* [Task prompt]: Return all of the data exactly, with nothing left out but the pictures.

* [Data block]:
:::::

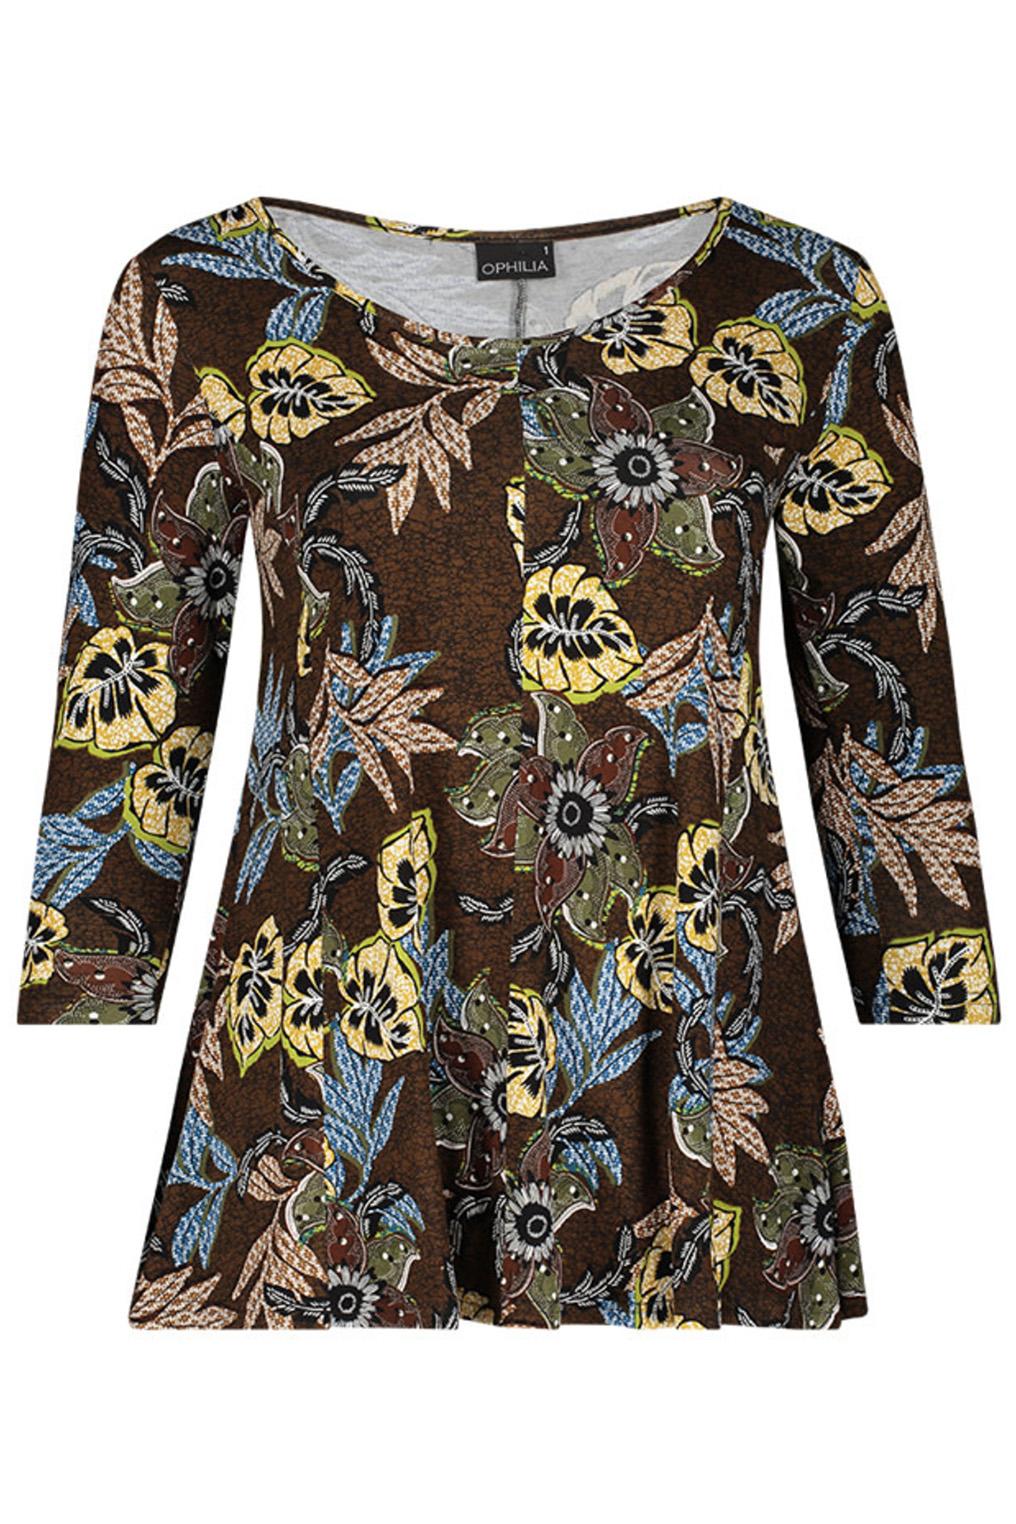 Shirt Rachel B print Ophilia
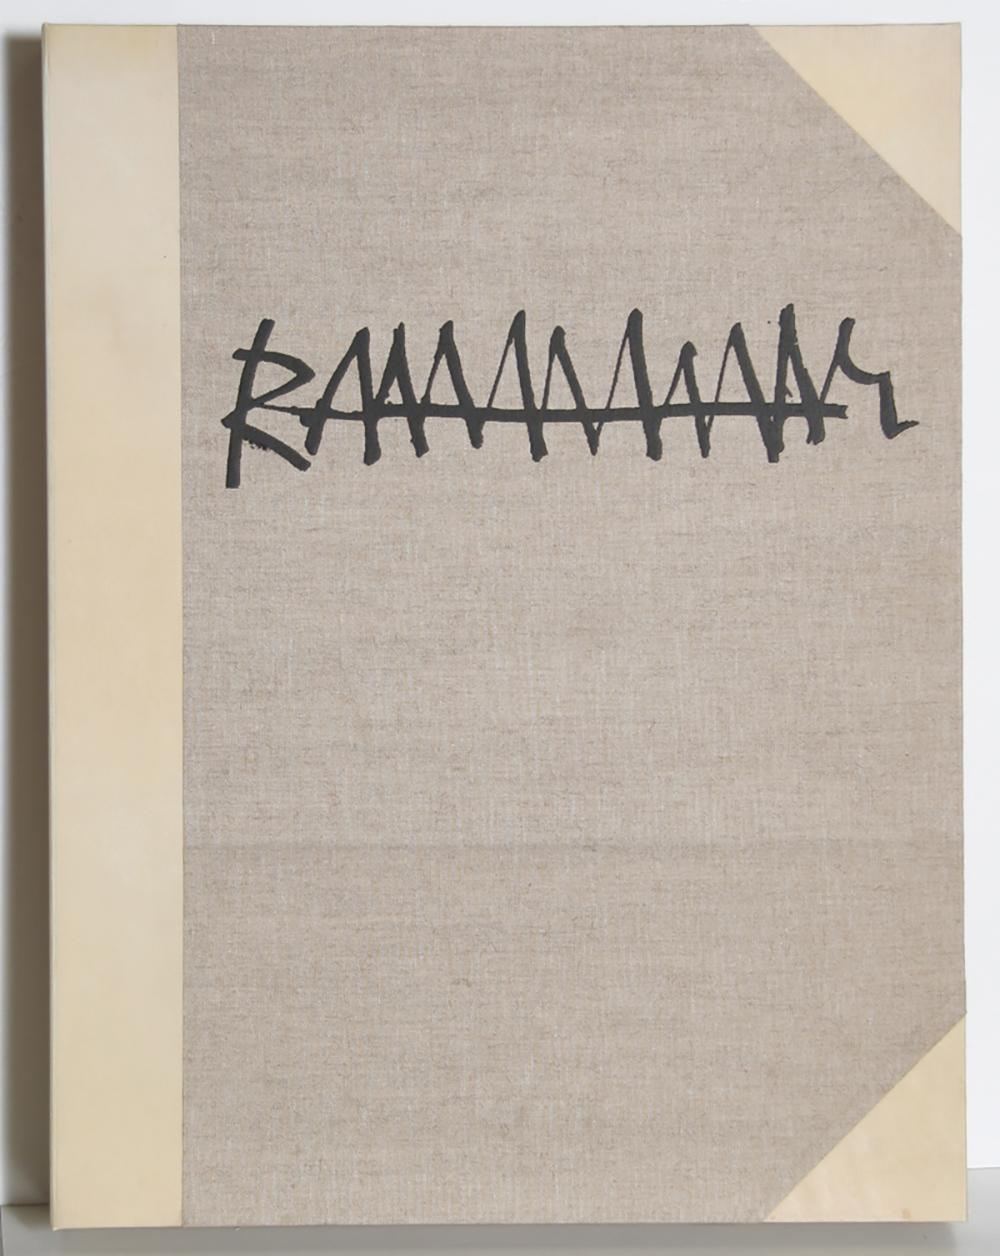 Abraham Rattner, In The Beginning, Portfolio of 12 Lithographs
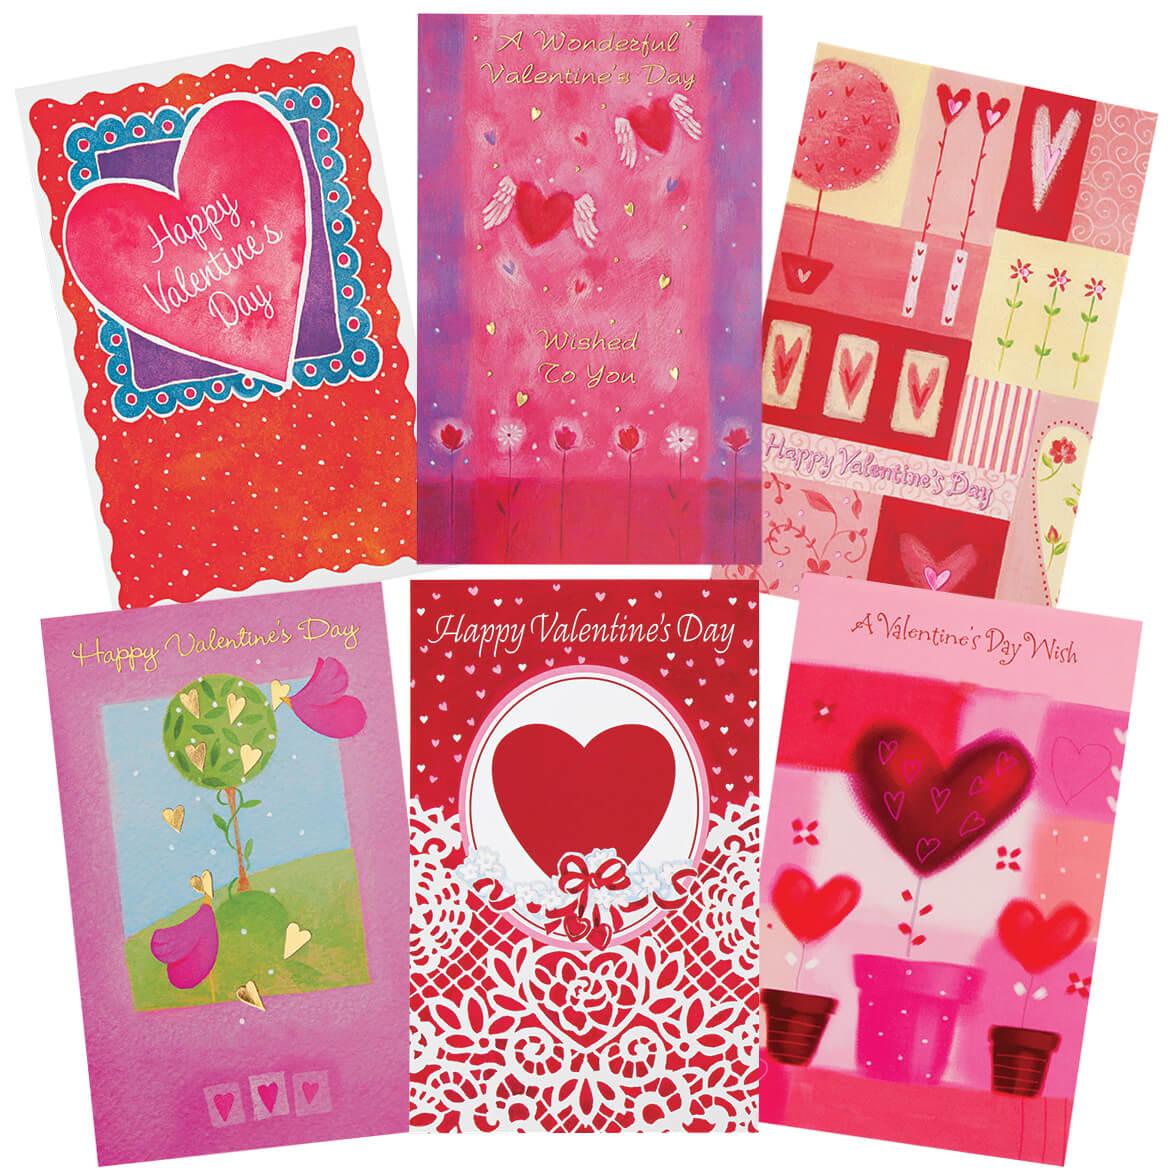 Valentine's Day Card Assortment Set of 20-350352
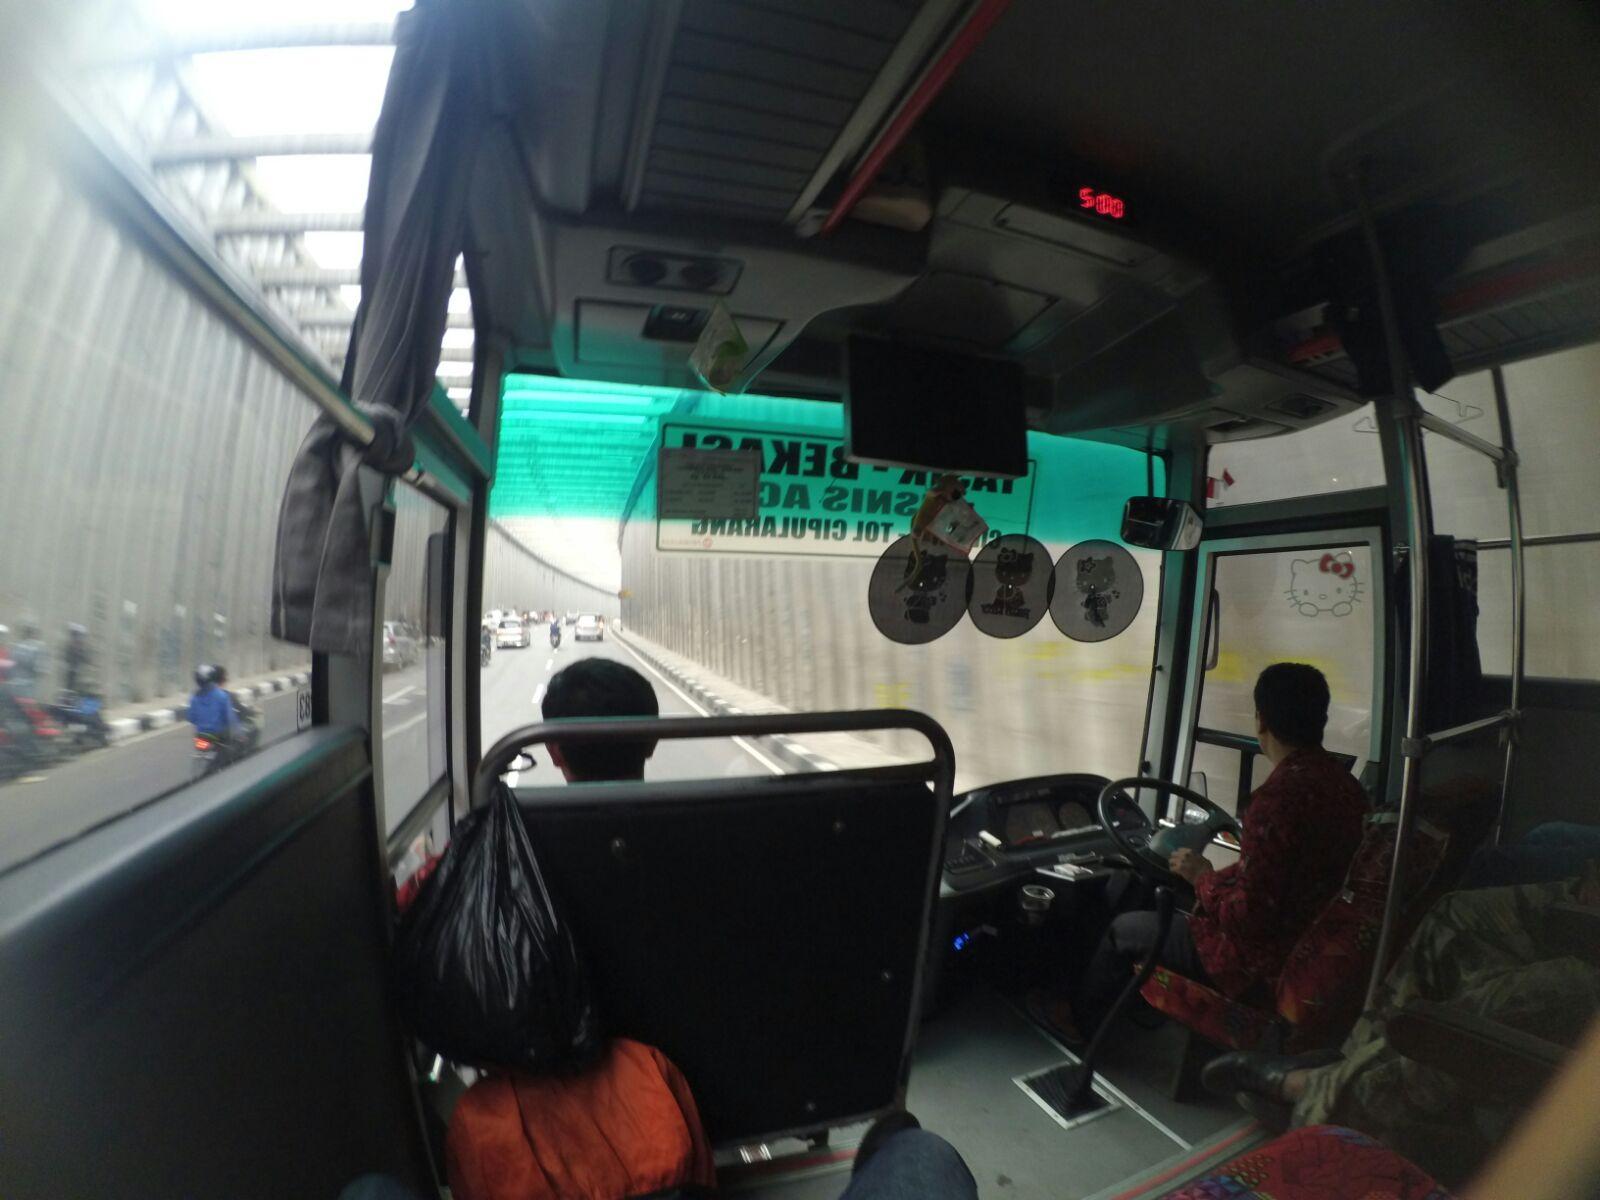 Intermezzo : Lihat Bus Yang Menuju Ke Kampung Halaman ...

:::::

* [Your solution]:
 Shirt Rachel B print Ophilia
 Abraham Rattner, In The Beginning, Portfolio of 12 Lithographs
 Valentine's Day Card Assortment Set of 20-350352
 Intermezzo : Lihat Bus Yang Menuju Ke Kampung Halaman ...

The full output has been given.